Curate and share existing content

Finally, platforms like Facebook, LinkedIn and Twitter are excellent places to curate and share either repurposed or third-party content. Share relevant content you loved from other influencers, tweet opinions during industry events using any applicable hashtags, and re-share some of your older evergreen content. If you need to repurpose it to keep it fresh, you can learn more about that in our article “20 creative ways to repurpose content”.

2. Leveraging other influencers

Unless you exist in some kind of hyper-niche, “nobody’s ever heard of this” industry, there will already be a range of influencers in your market space. A pessimist might consider these fine people competitors, but today we’re going to look at them as allies.

Influencers and brand advocates are people already talking about topics relevant to you – they may even be talking about you directly! You need to identify these individuals, put them into a list, then start engaging with them. You can:

  1. Share their content.
  2. Comment or retweet their posts to open a line of communication.
  3. Thank them if they mention your brand.

You could even sponsor people. According to research by The Shelf, 72 per cent of influencers share posts about their sponsors for free (outside of the contract), and 88 per cent verbally tell friends about brands that sponsor them. Imagine all that extra word-of-mouth marketing!

How to find influencers

BuzzSumo has a tool for this very purpose. Its Twitter influencers tool lets you find people based on topic or username, and can show you their domain authority, follower counts, average retweets and more.

You can also look for people in your market that have high Klout scores.

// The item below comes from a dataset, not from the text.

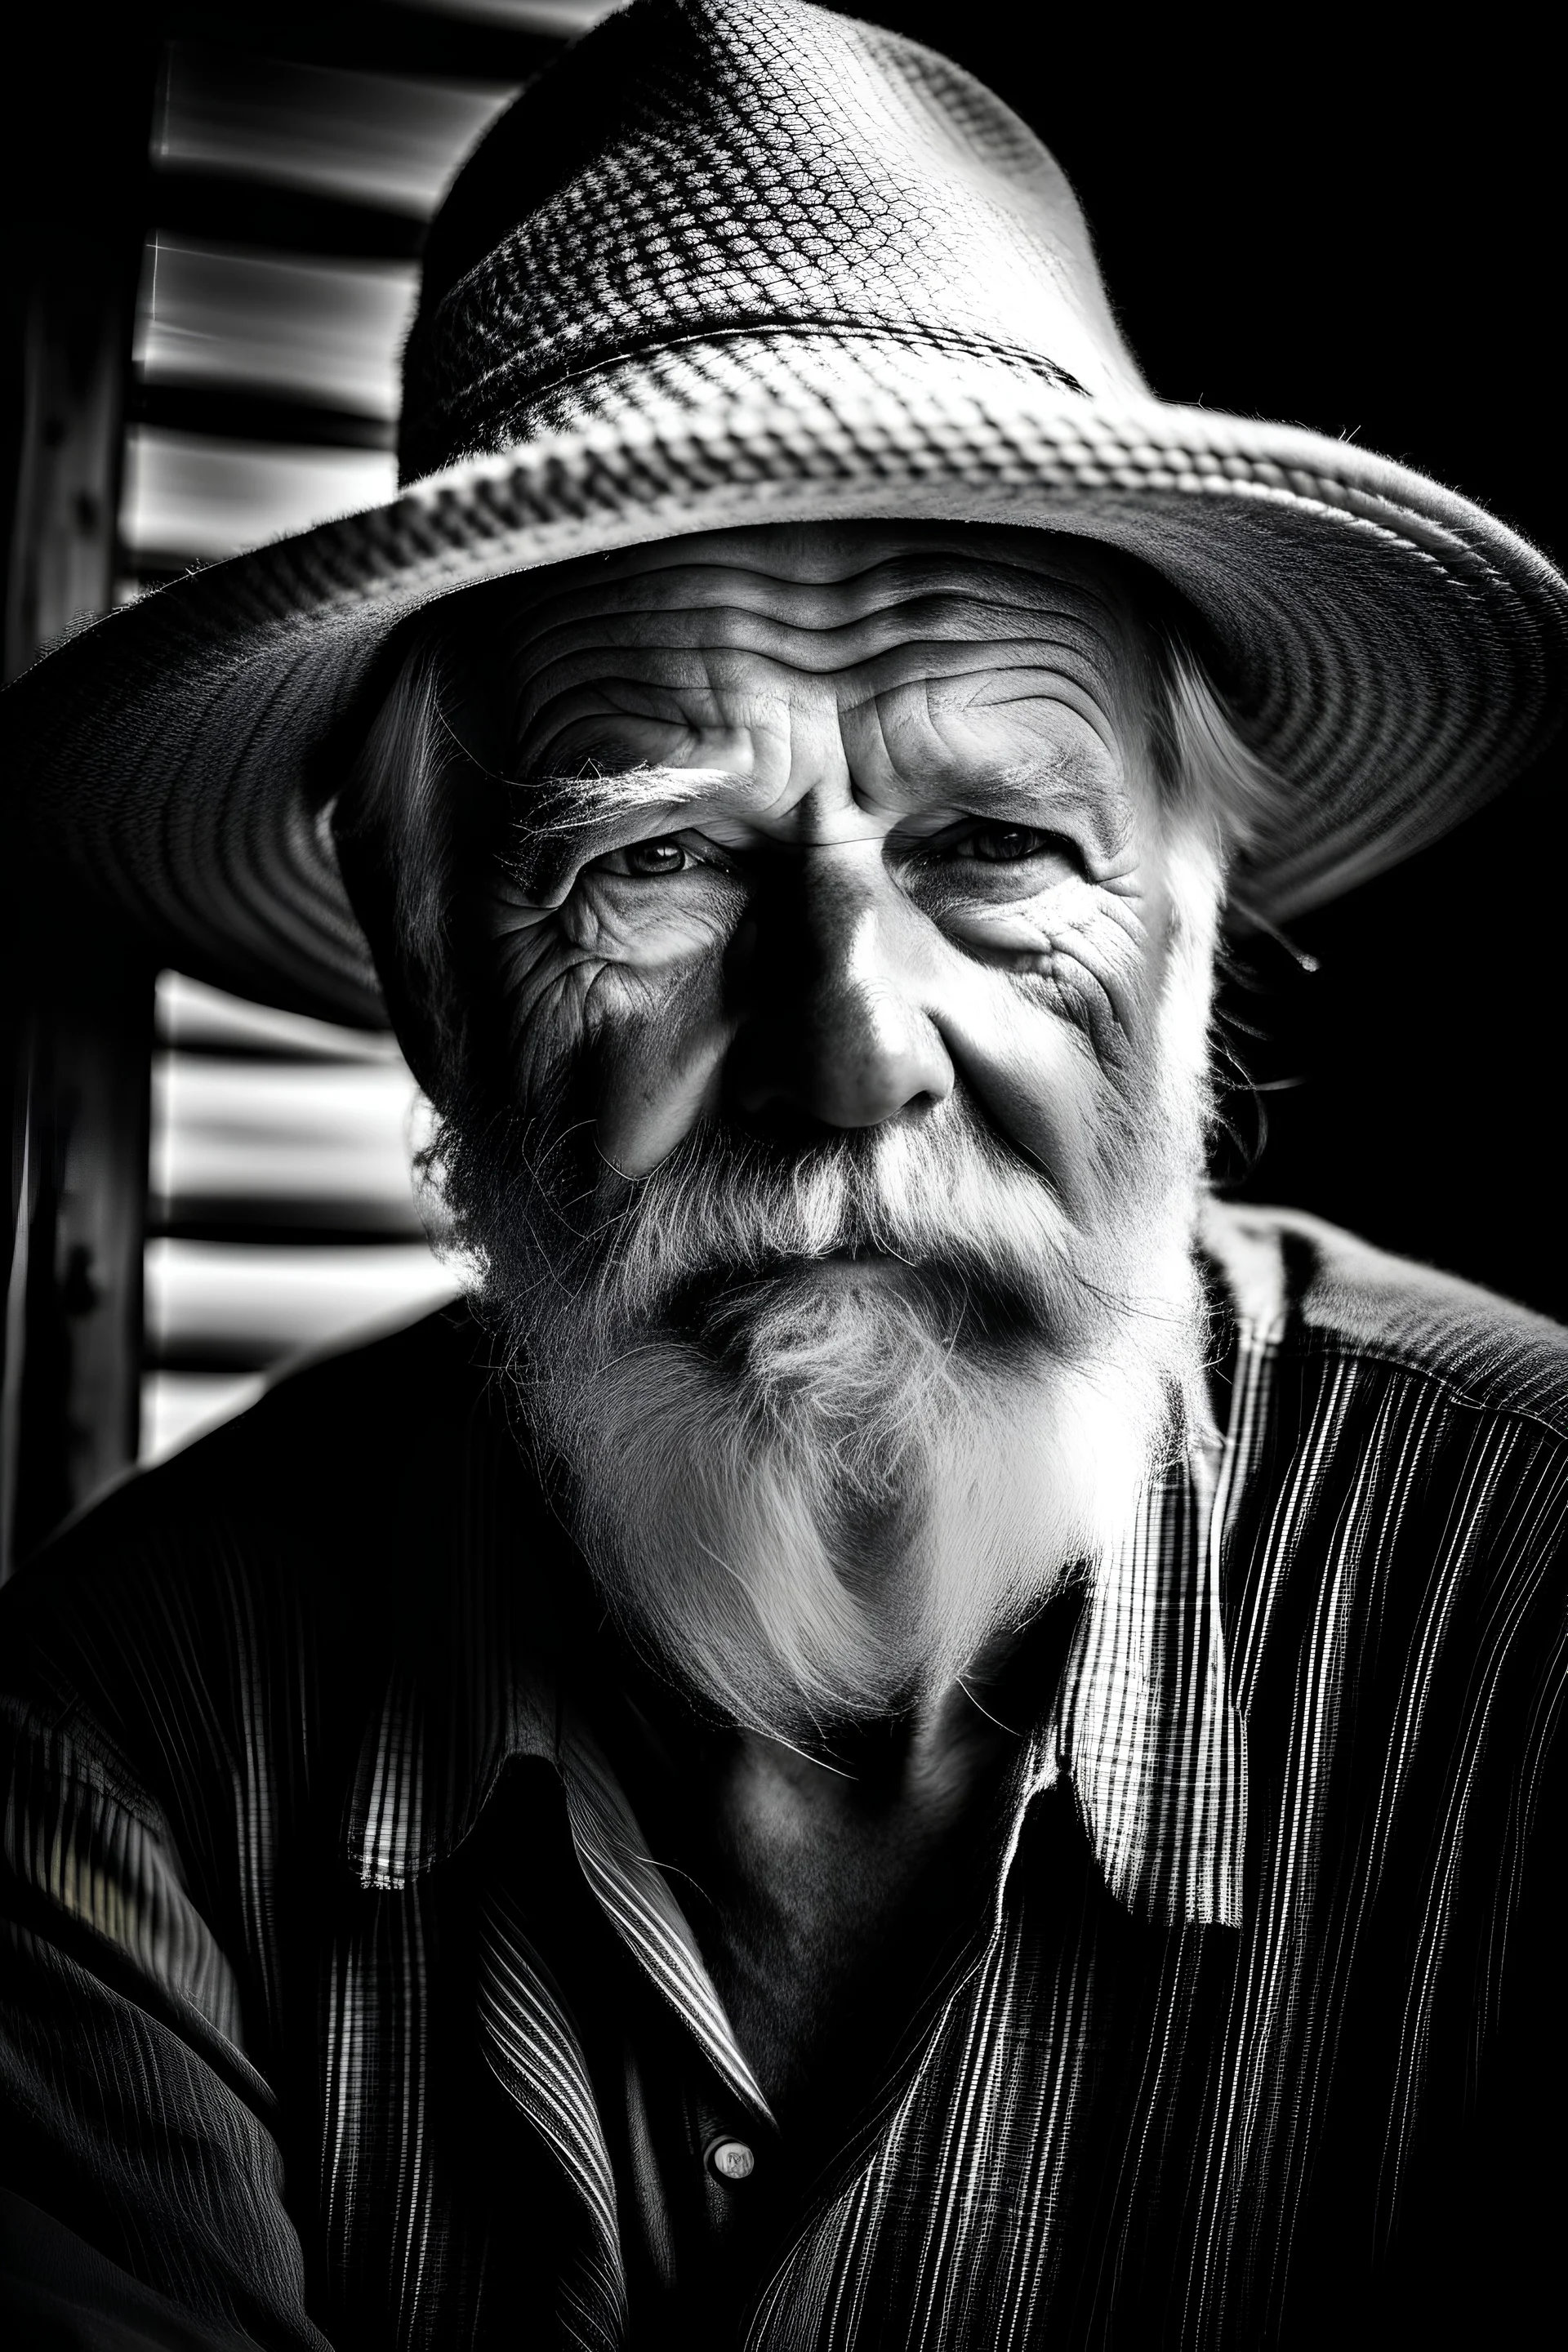 fotografía en blanco y negro de un pescador de 70 años, con barba y bigotes, sombrero de paja y una canasta, en un muelle de madera, gran plano general, alto contraste, luz intensa

3. Establish meaningful, two-way relationships

You mustn’t neglect the followers you hope to influence by focusing only on promoting yourself – after all, you’ll only be influencing tumbleweeds and cricket sound-effects if nobody trusts you enough to follow you.

One of the keys to building trust is communication. Communication shows people that they are individuals to you, not just a number, and that you care about their unique needs. Communication also allows people to give you feedback on your service, product or recent posts, which you can then use to improve all of the above to create a better experience.

You can deploy all the same techniques you’re using to engage influencers to communicate with regular customers, perhaps exchanging “sponsorship” to “giveaways or personalised deals”.

Additionally, you can respond to people’s comments if they have questions, or message them directly if you notice someone has an issue.

In conclusion

Is your brand influential online? You should be able to tell by the way people interact with your social media profiles. If you need hard data, Klout, Skorr and similar services will give you a quantifiable measurement.

If you need to build your influence a little higher, focus on creating a personality of trustworthiness and expertise, and leverage other influencers in your space to spread the word about your brand.